Story4 min read

I asked 10 AI agents to verify I was human

Ten verification agents. Three test subjects: me, a deepfake-driven impersonator of me, and a quiet, real-but-evasive subject who refused to make eye contact. Same script, same hardware, scoring done by independent annotators. The leaderboard is uncomfortable.

The setup

Each agent is a vision-and-conversation system trained or fine-tuned to determine whether the person in front of the camera is a unique human. We picked the ten with the strongest marketing claims. Each got 8 minutes per subject; same lighting, same camera, same microphone. Each subject answered the agent's questions live.

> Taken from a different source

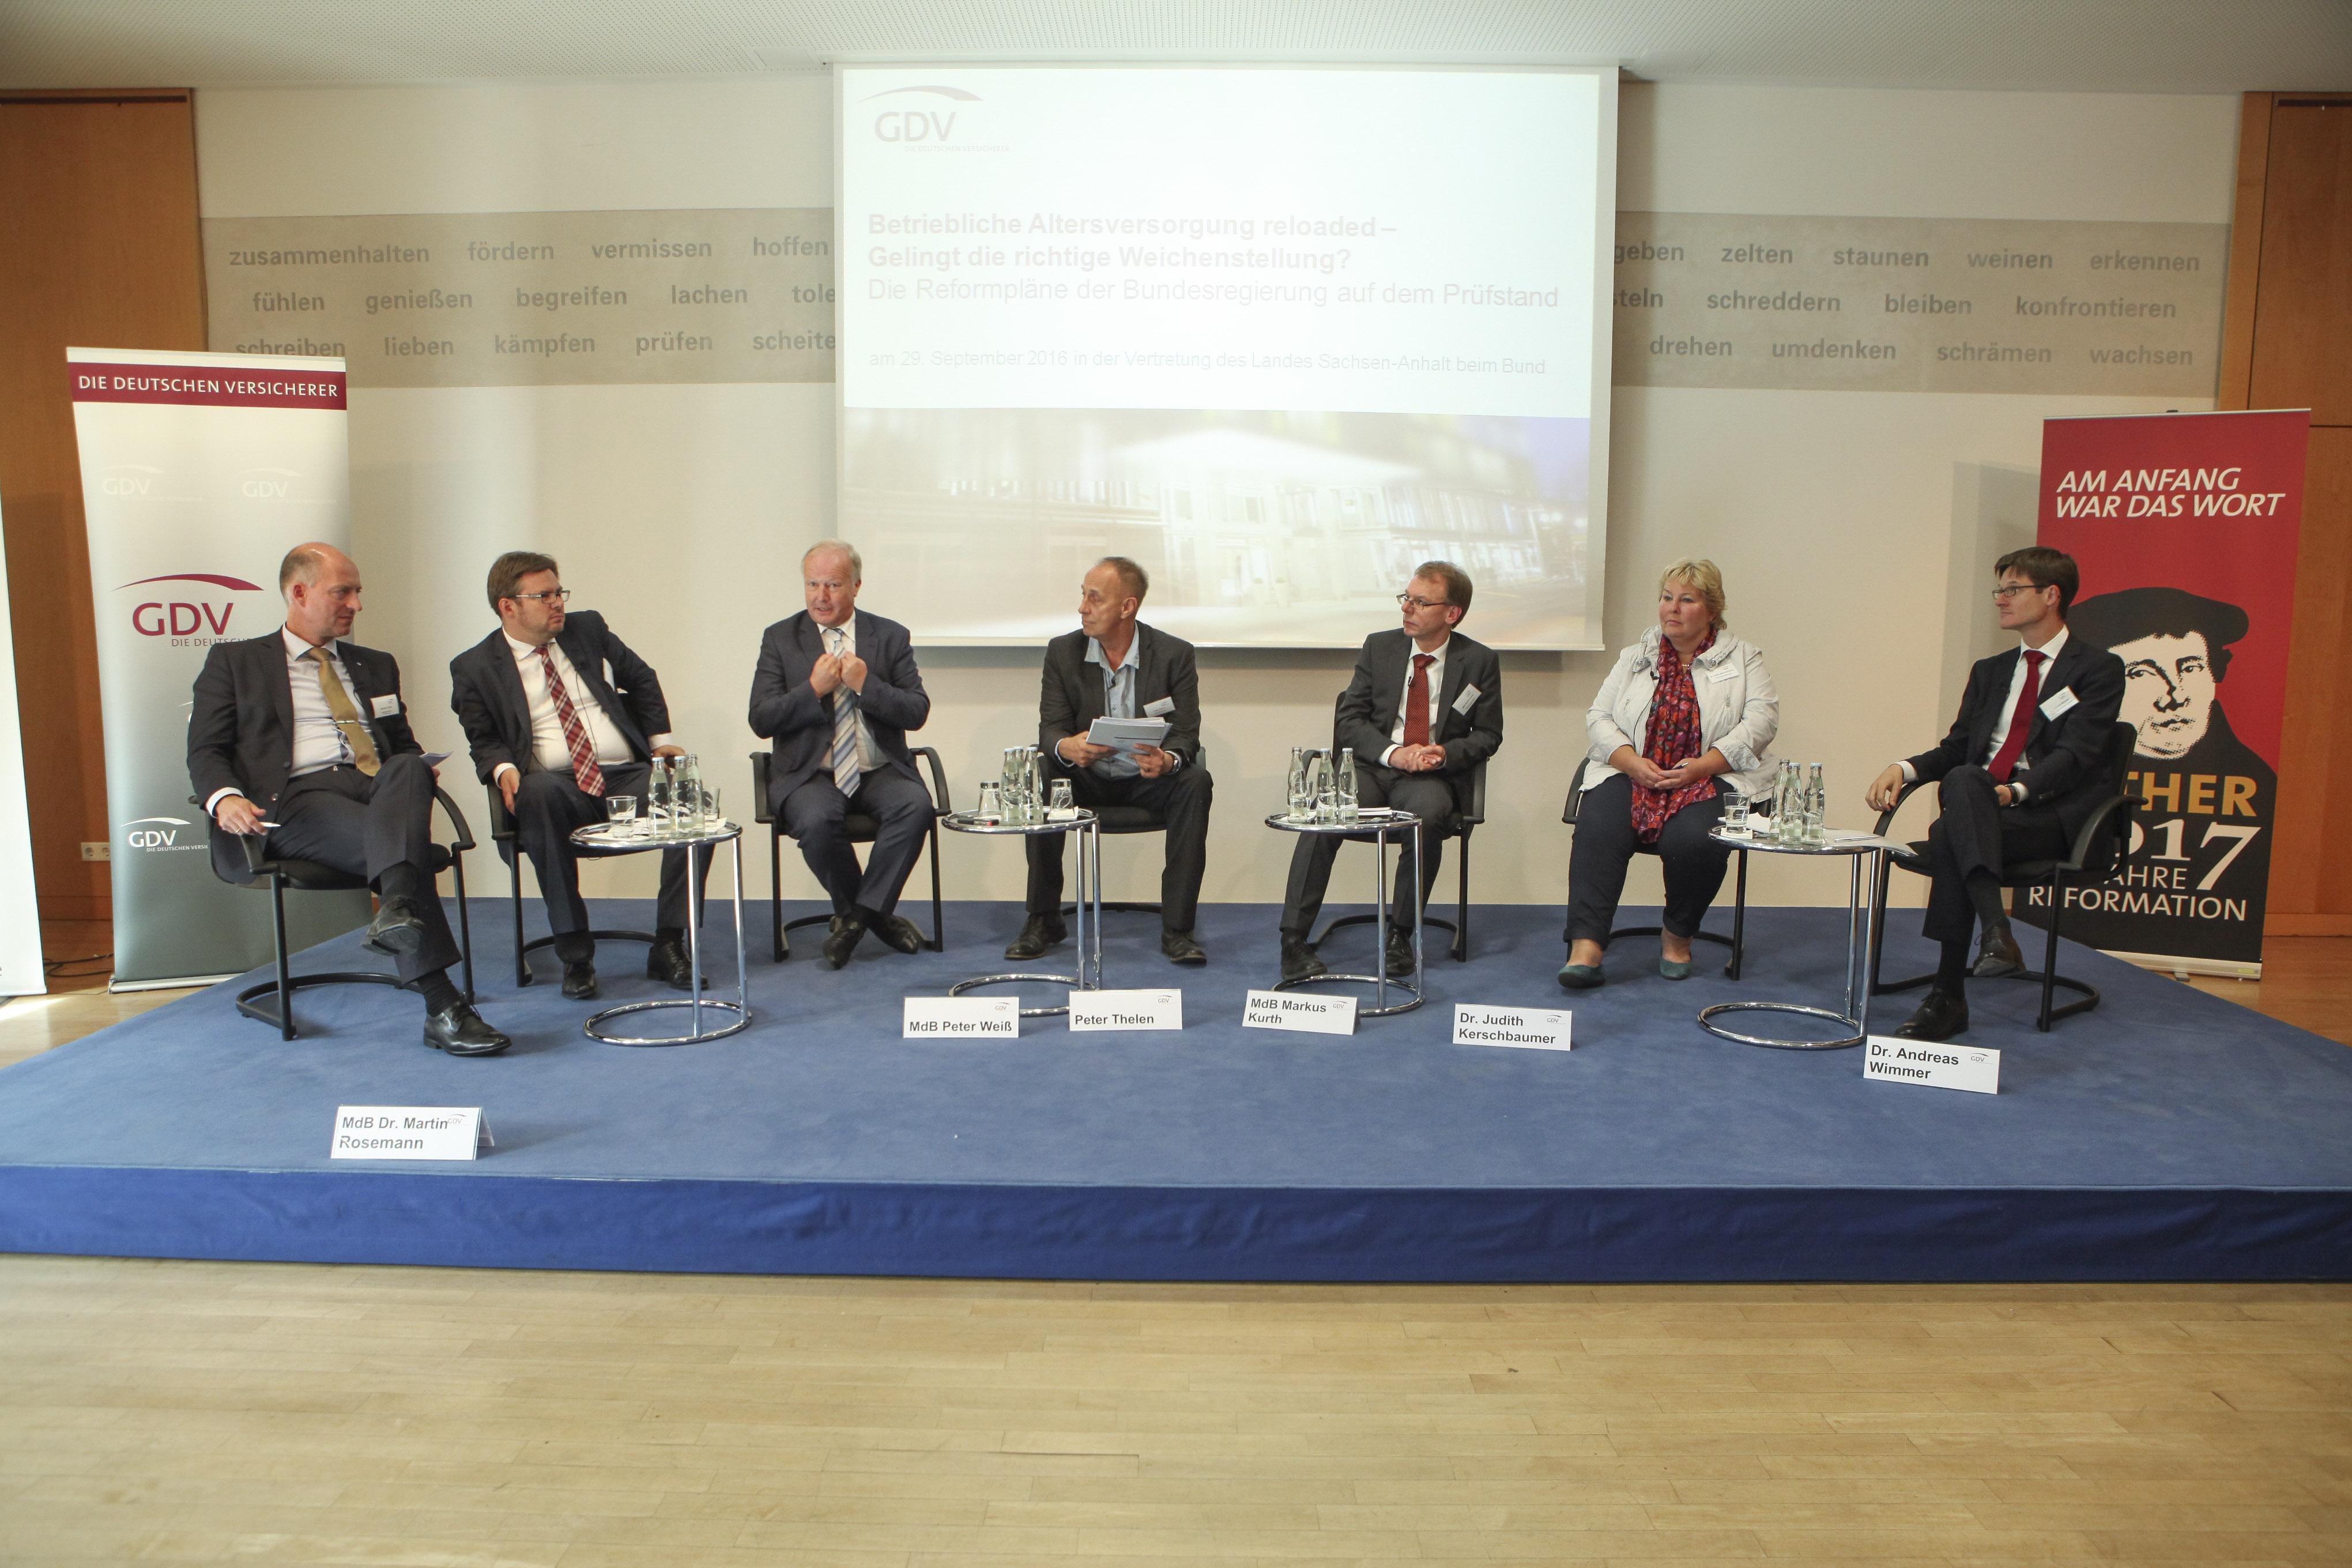 GDV-Podiumsgespräch zur betrieblichen Altersversorgung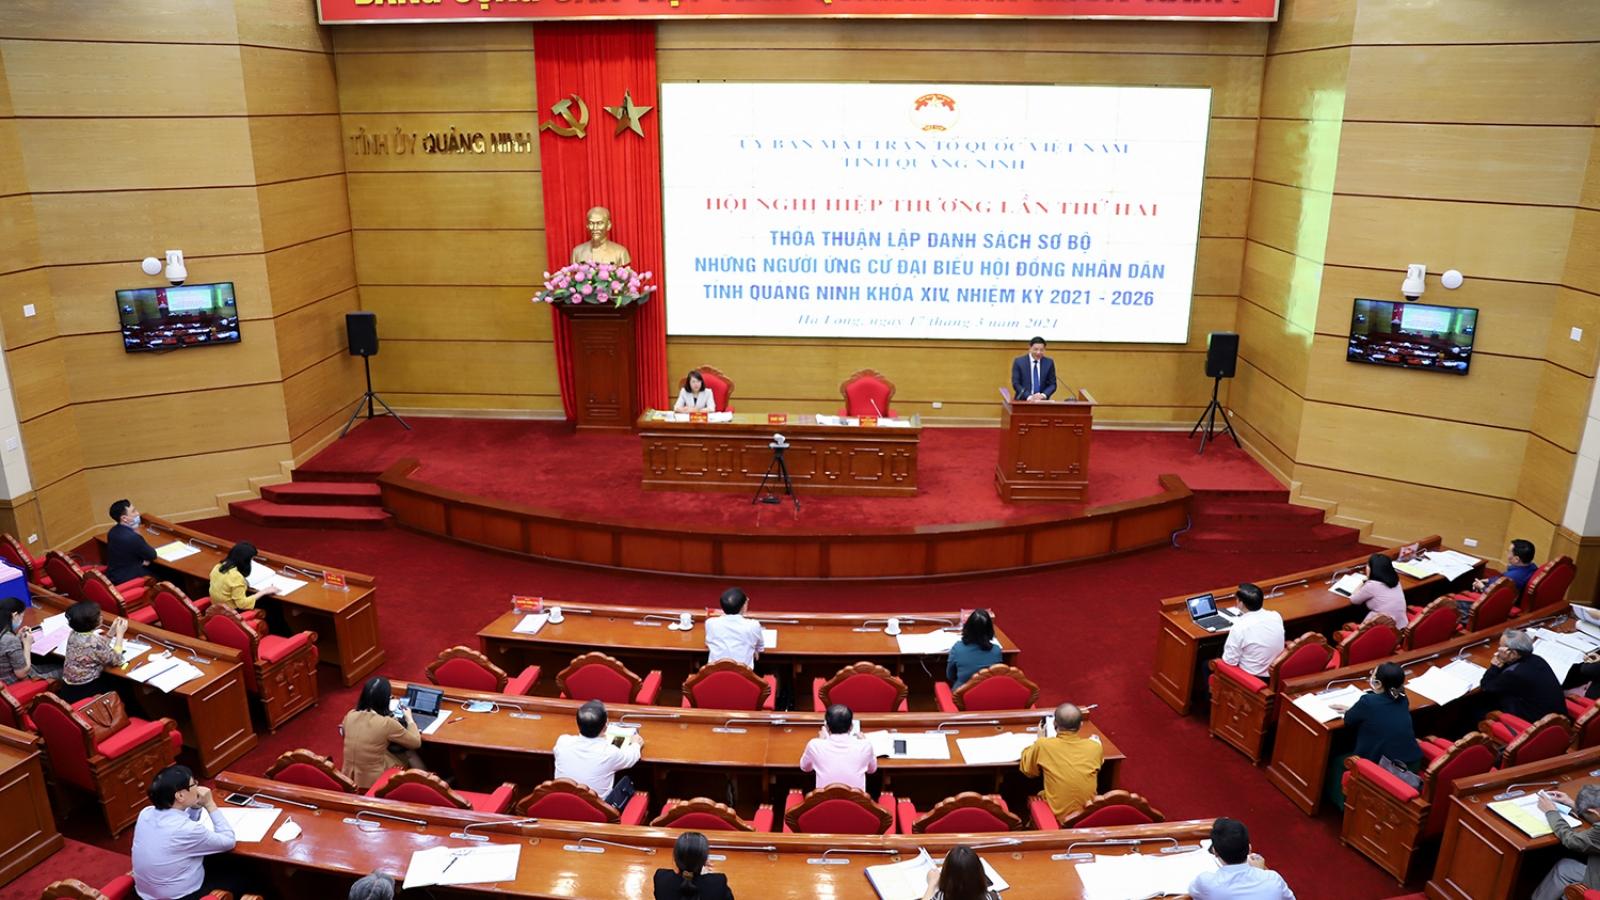 Quảng Ninh hiệp thương lần thứ hai bầu cử ĐBQH và HĐND tỉnh nhiệm kỳ 2021-2026

The leaderboard, in plain terms

Three of the ten correctly identified all three subjects (me real, the deepfake fake, the evasive subject real). Four mixed up the evasive subject as fake — they relied on liveness signals like consistent eye contact that real but neurodivergent humans naturally vary. One misidentified the deepfake as real because the deepfake was good and the agent's training distribution did not include the open-source model the deepfake was generated by. Two refused to render a verdict on any subject, citing low confidence; we treated this as a tie for last place.

What the winners shared

The three top performers used multi-signal verification: not just facial liveness, but also responsive interaction tests, hardware-attestation prompts ("show us your phone's secure-element certificate"), and behavioral patterns over the eight-minute window. The single-signal agents (face only, voice only, text only) were trivially defeated by the deepfake.

What the losers shared

Single-signal designs. Confidence-thresholds tuned for marketing benchmarks rather than real-world distributions. No hardware attestation in the loop. No selective-disclosure or chain-of-trust verification — the agents knew nothing about me before I joined the call, so they had no reference signal to compare.

Why hardware attestation kept appearing

The single most decisive signal in the test was the agent's ability to ask my device to produce a hardware-attested signature. The subjects who could produce one were trivially verified. The deepfake's controller could not (the device was not enrolled with the secure element). The evasive subject could (he just did not enjoy the conversation). The hardware attestation collapsed three minutes of vision-based reasoning into one cryptographic check.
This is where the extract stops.